It's more of a "pressure" / "need" measurement. And yeah, applying that to per-process CPU measurement would be interesting.


They're saying it can go over 1(00%) per core.


You might be thinking of the load average, not the cpu consumption of a particular process as reported, by, say, top or ps. The article is about the latter kind of tool.


As far as I know, "CPU usage" of a process has always been "percentage of time spent in it" so I think anything else is overthinking/overcomplicating things. It makes perfect sense for CPU usage to go up if the frequency starts falling due to throttling. That's why a separate indication of current CPU frequency is necessary.

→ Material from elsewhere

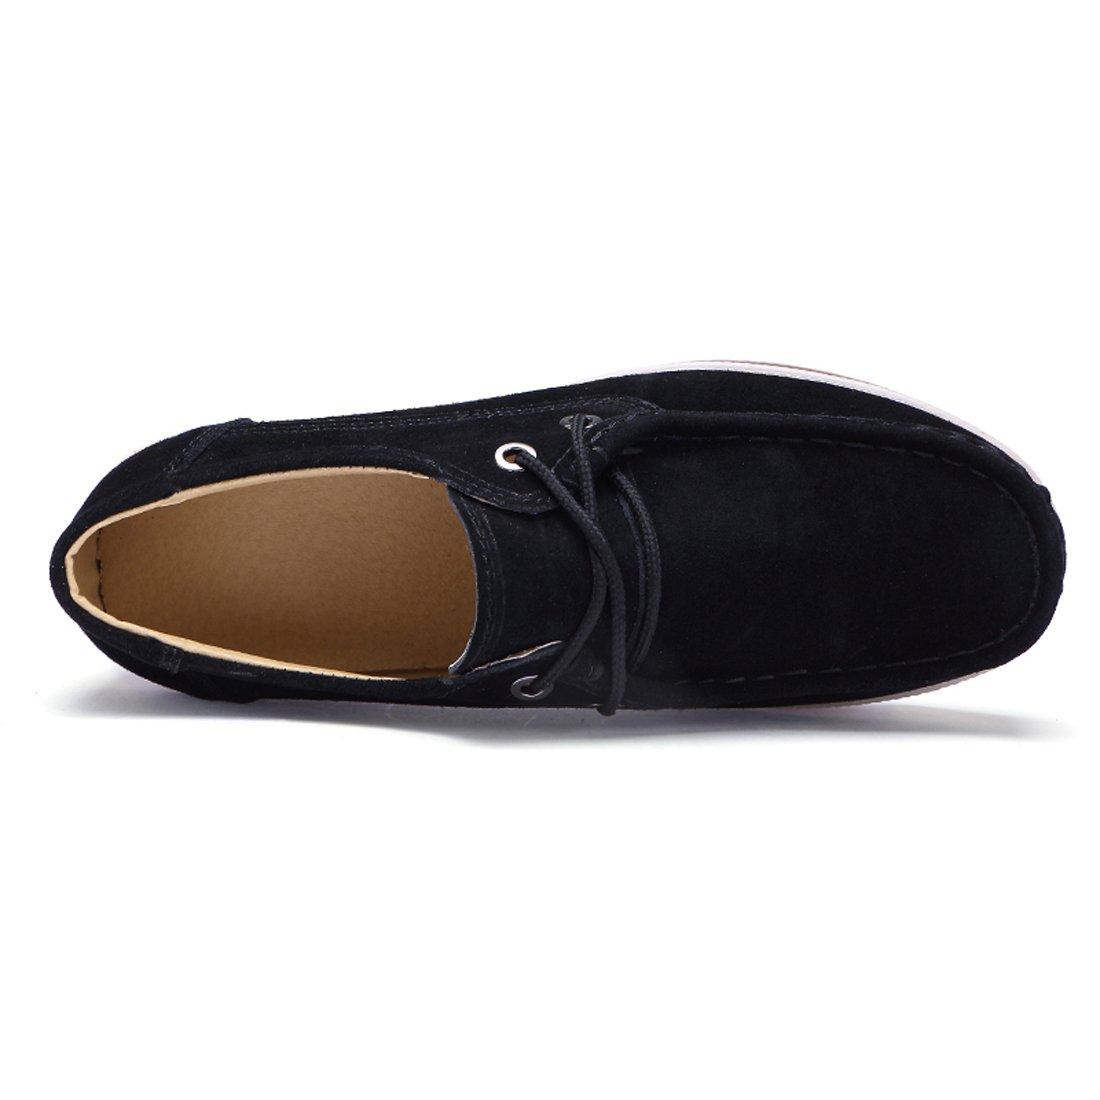 Z.SUO Mocassini Mocassini Mocassini Donna in Pelle Scamosciata Moda comode Loafers Scarpe da Guida Nero.1 0d9d33
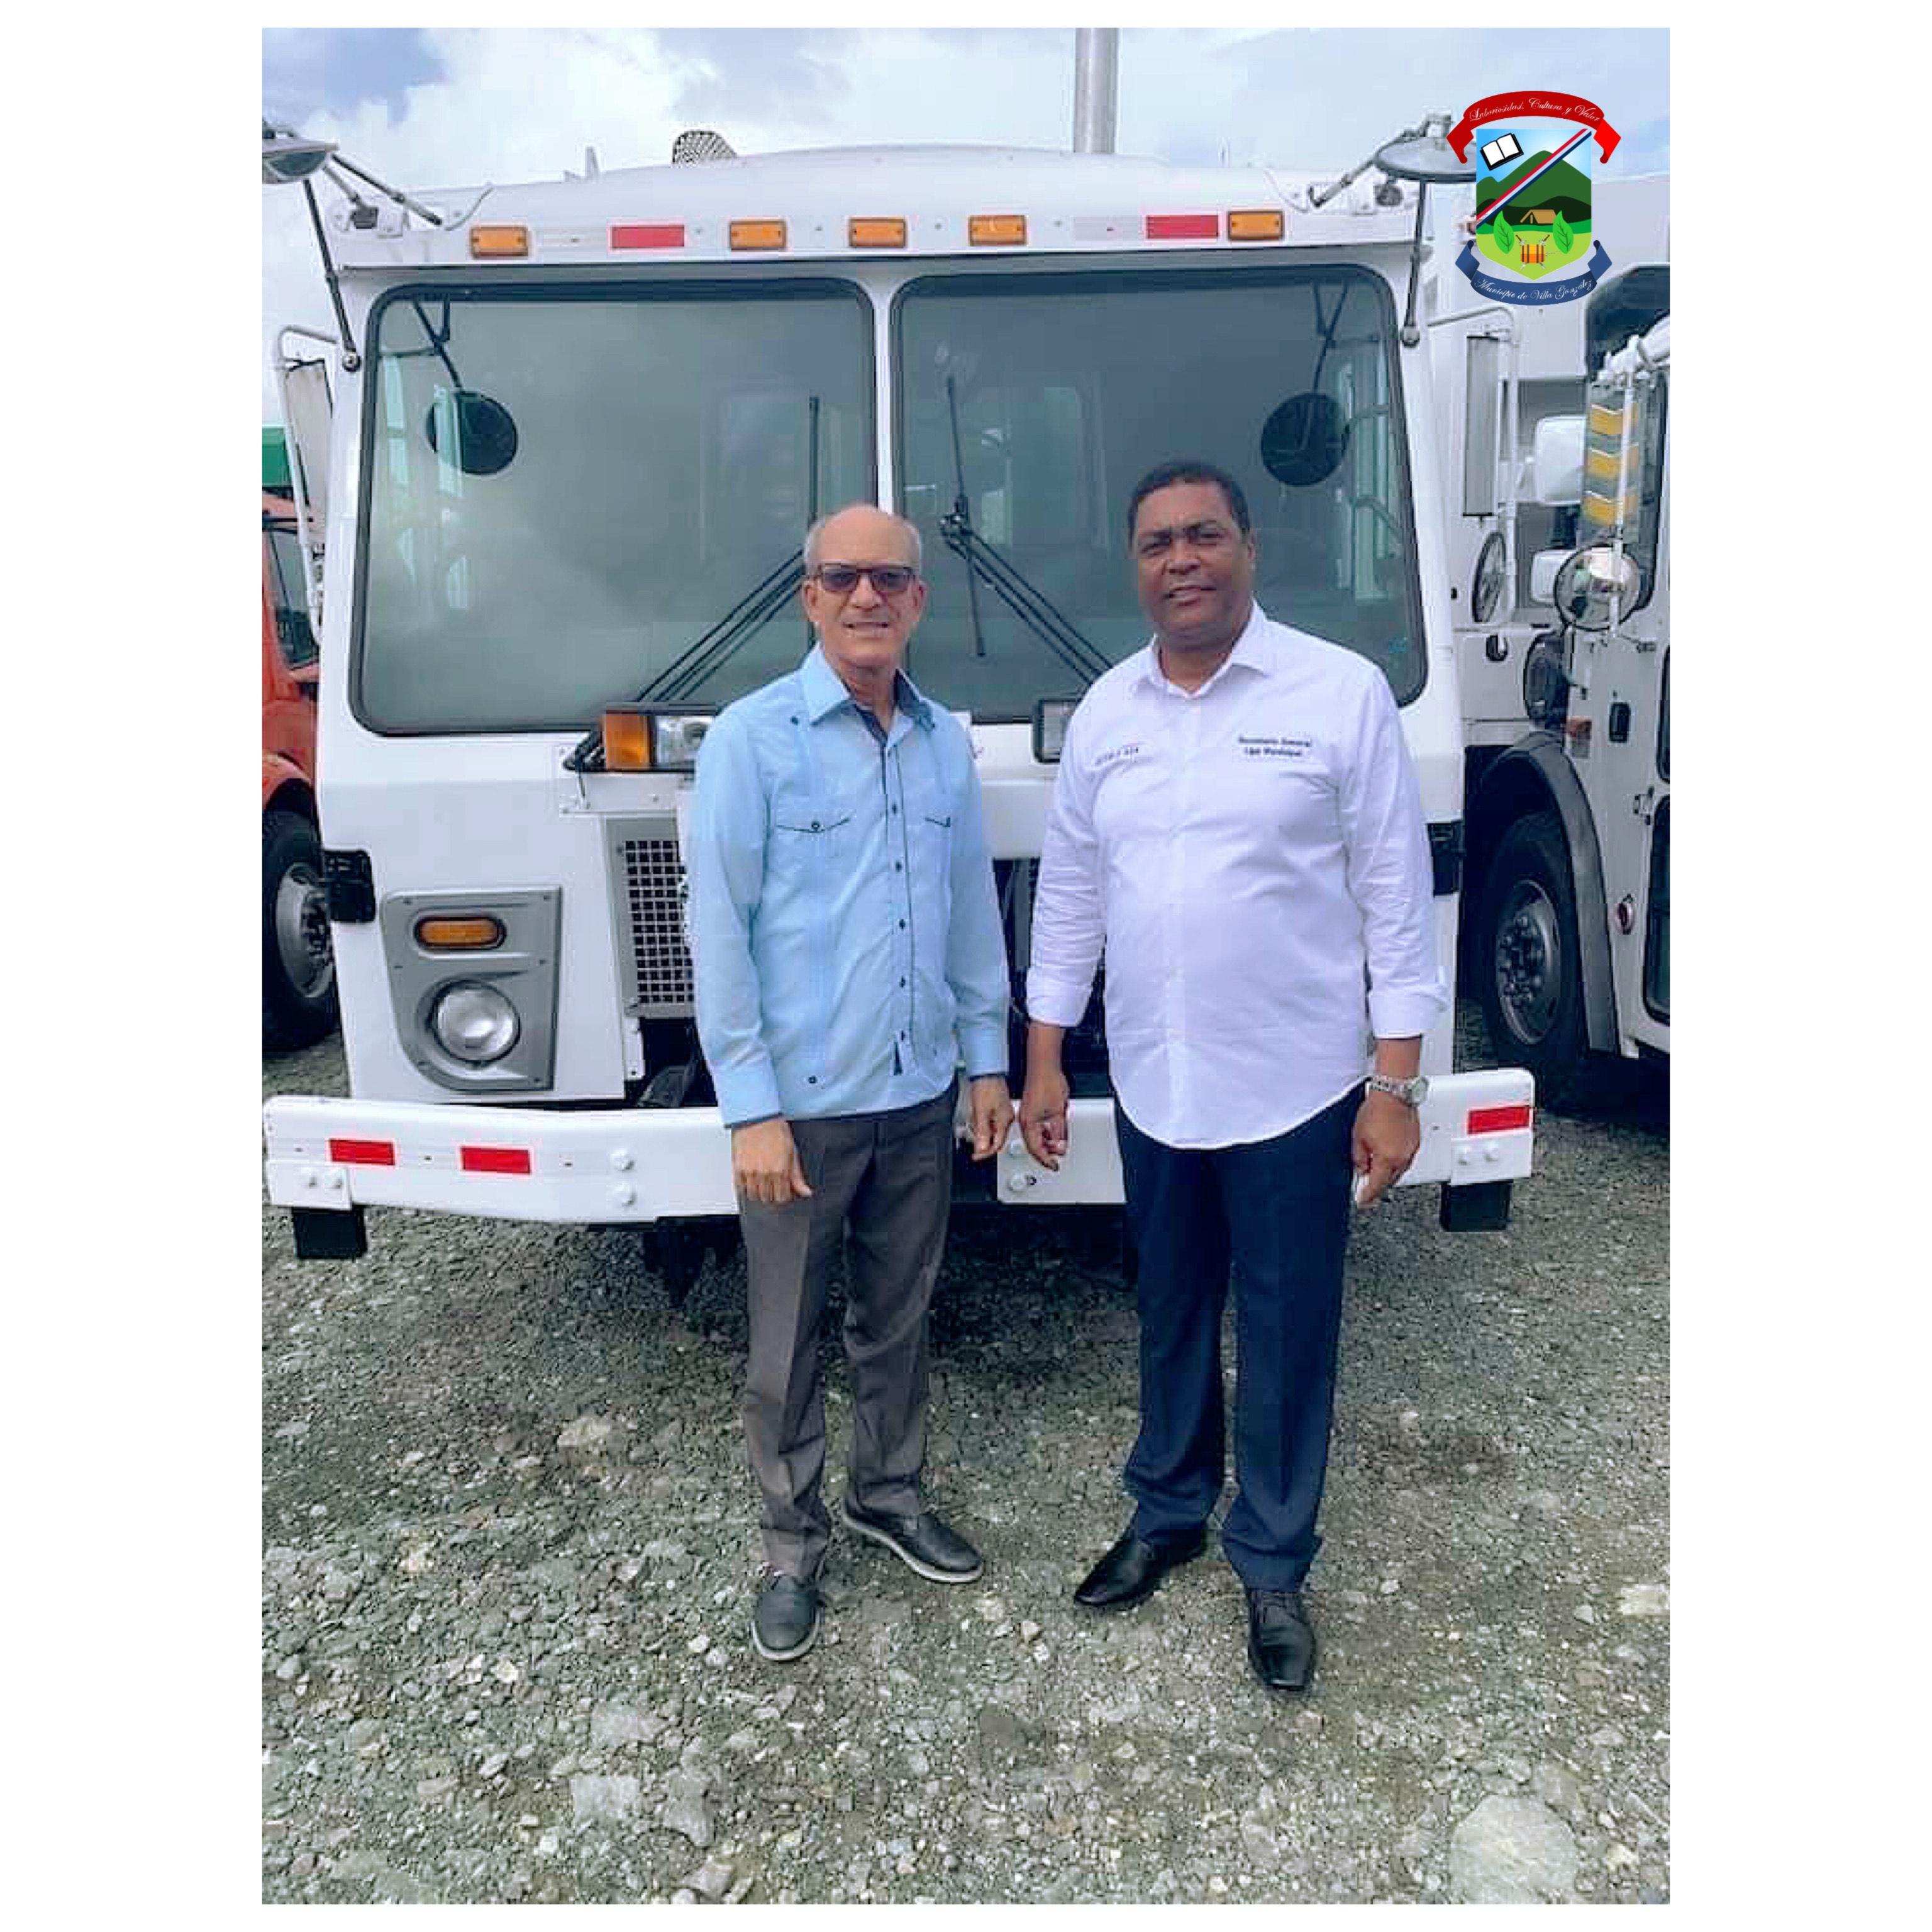 Secretario General, Víctor D'Aza, entregó hoy camión Recolector de desechos Solidos al Alcalde Ing. Cesar Álvarez

I find this intuitive for thermal throttling, but not for power throttling, though I'm not sure changing the definition makes sense now (it might not even be practical). I've frequently fired up some process manager and seen it at > 50% CPU despite the system not running anything interesting, and it always takes me a second to realize that it's throttled down to like 400 MHz and the process manager itself is consuming what's left of the CPU.


If you say “there are two perspectives on reporting this fact”, what you really mean to say is “there are two things to report here”

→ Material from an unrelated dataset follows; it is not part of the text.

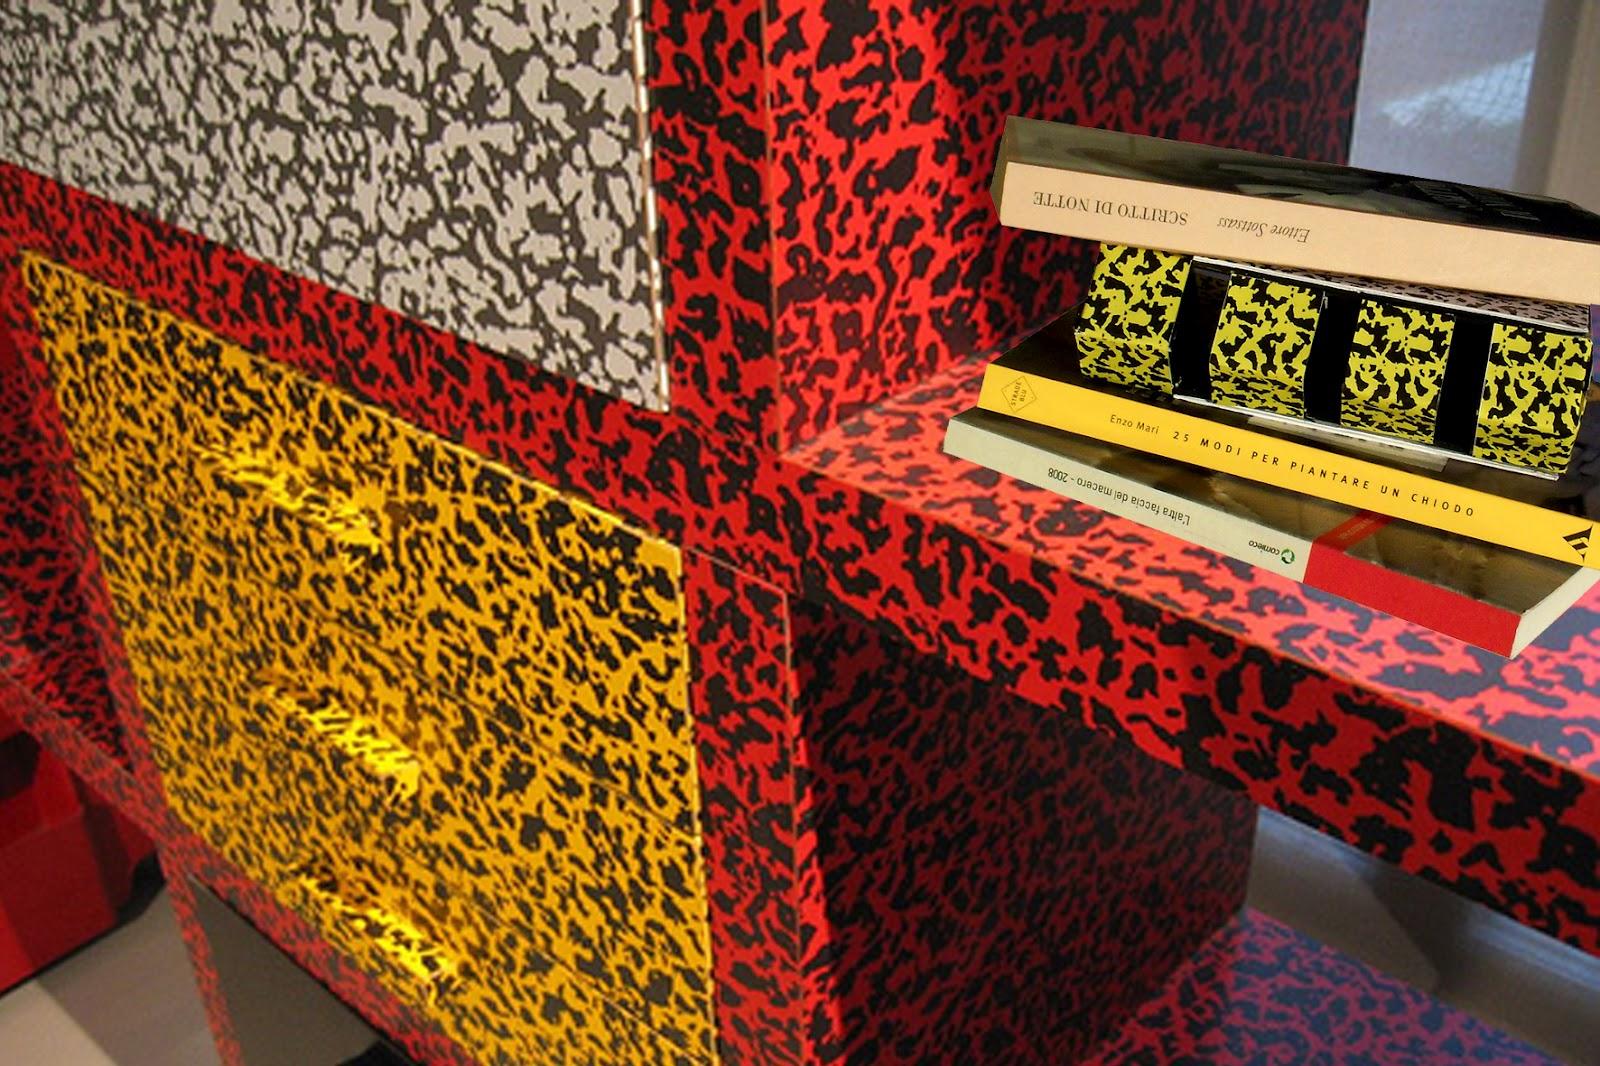 Rivestimento Casablanca : Cecilia polidori twice design 2: casablanca handmadebook

Exactly, why not report both? I for one would want to know both.


"CPU usage" as in "how many time-slices did this process eat?" is pretty easy to understand and generally points at the right things ("What's eating all that CPU?", "Is this application using the correct number of threads?" etc.)

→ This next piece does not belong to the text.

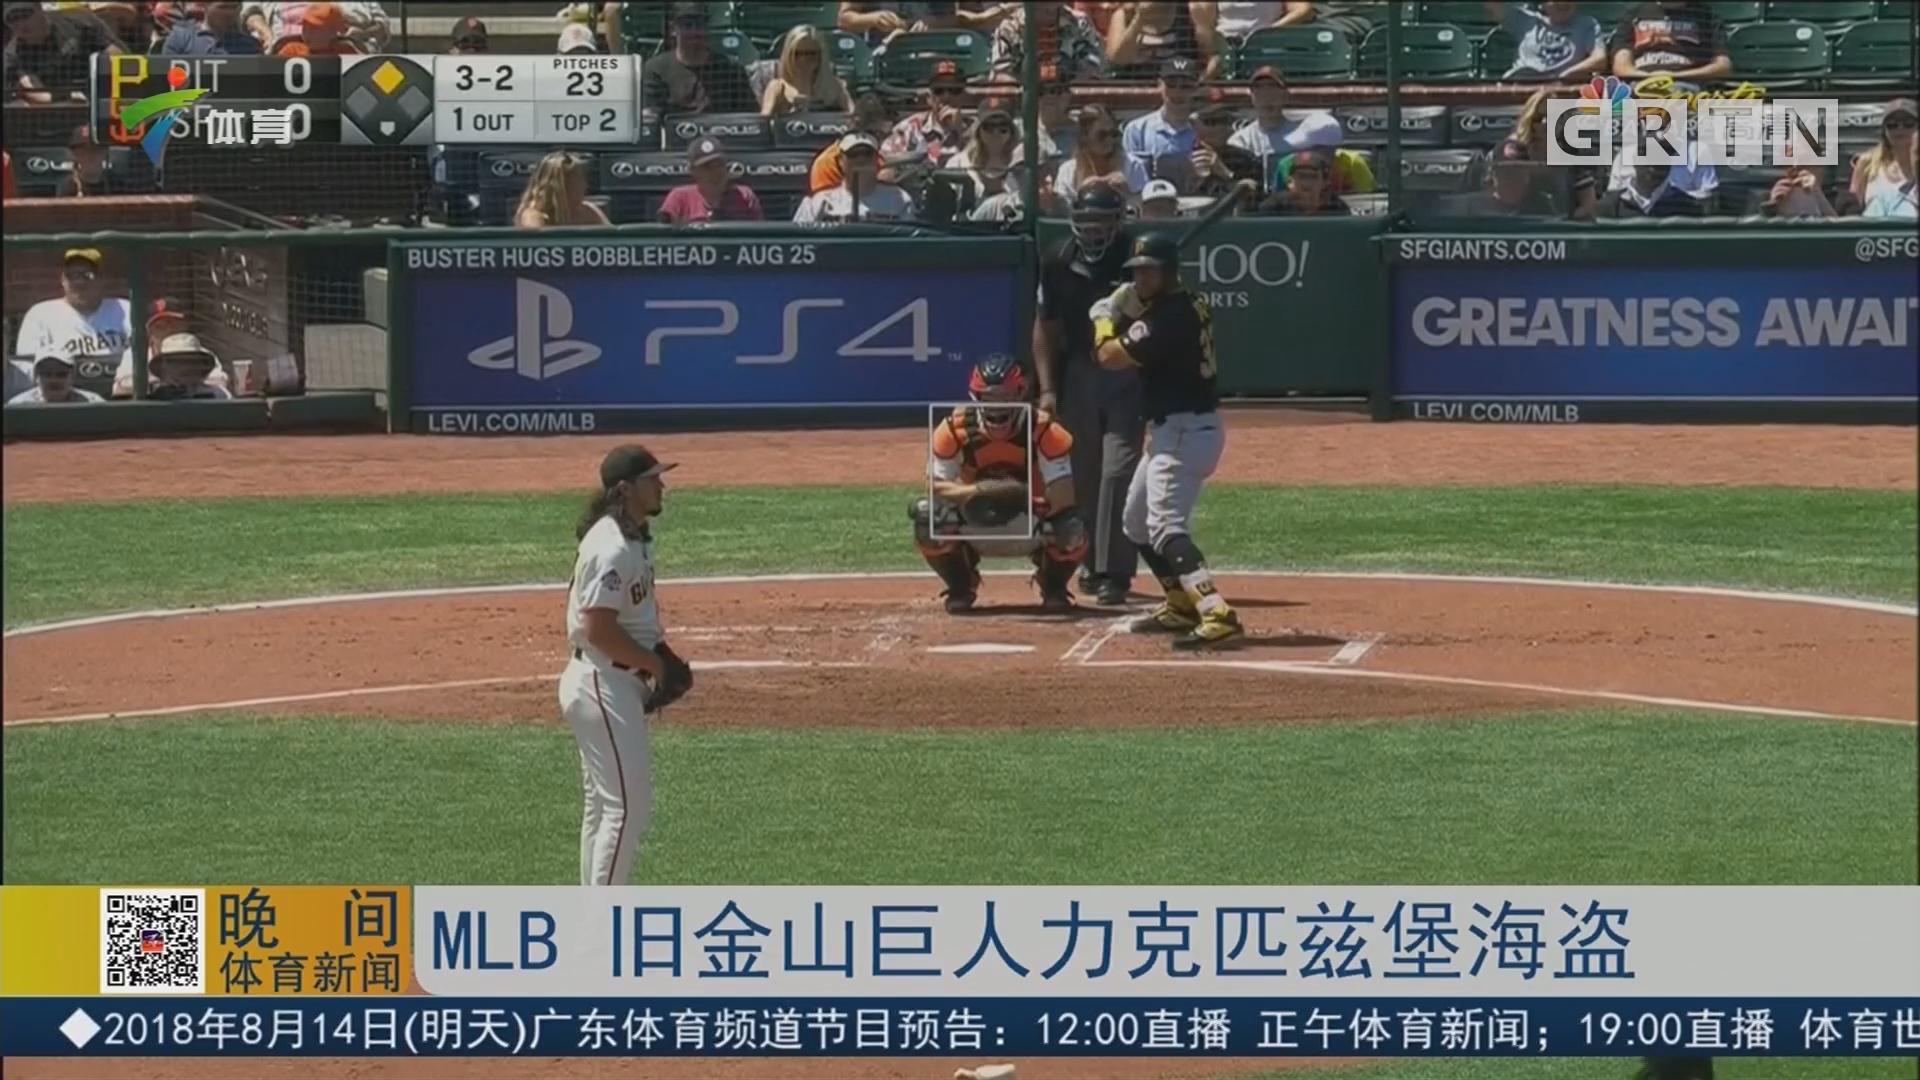 MLB 旧金山巨人力克匹兹堡海盗

Trying to express "How much of the hypothetically available computational resources of the CPU did this application consume?" in a single number would seem like a futile exercise at best. VTune used to have something like this which IIRC was based on using all cores in parallel sections and IPC or something like that. It wasn't very meaningful, and is impacted by all sorts of factors.


Related, 50% CPU usage on a hyper-threaded CPU isn't 50%. It is usually closer to 80-90% depending on the workload. Something to watch out for when monitoring.


Yep, and Windows never goes above 100%, iirc. My linux box can hit 800% if I can keep all the cores fed. More confusion.


That seems like something entirely different. Windows is displaying cpu usage relative to all the cores (total load divided by total number of cores), whereas linux is displaying usage relative to one core (total load divided by one core).


Interesting. Does this mean that if you are not going to use all HT threads it's better to turn off HT?


SMT is usually a throughput win, and usually a latency loss. I was playing with my Threadripper a while back and for C++ builds of large projects, HT results in about a 10% improvement in compilation speed. 10% is a big deal and you should take it. The downside is that games had noticeably lower framerates even with the rest of the CPU idle (at least the games I play are bounded by single-thread performance across maybe 2-4 cores). I kind of blame Windows's scheduler there, since it should be able to say "hey, a game is running, don't schedule anything on the same physical core that has a game thread running on it", but I don't think it does. It might schedule both game thraeds on the same physical core and then they contend with each other and run 40% slower each. Also be careful about memory -- 64GB wasn't enough for 64 concurrent clang runs. You need a little bit more (but of course 128GB is the next installable increment). (I can also see more threads aggravating other resource constraints; notably disk IOPS, but I didn't notice a problem there myself. It's also possible that SMT increases power use and so decreases turbo speeds, and that might have an impact. I didn't measure that when I was testing.)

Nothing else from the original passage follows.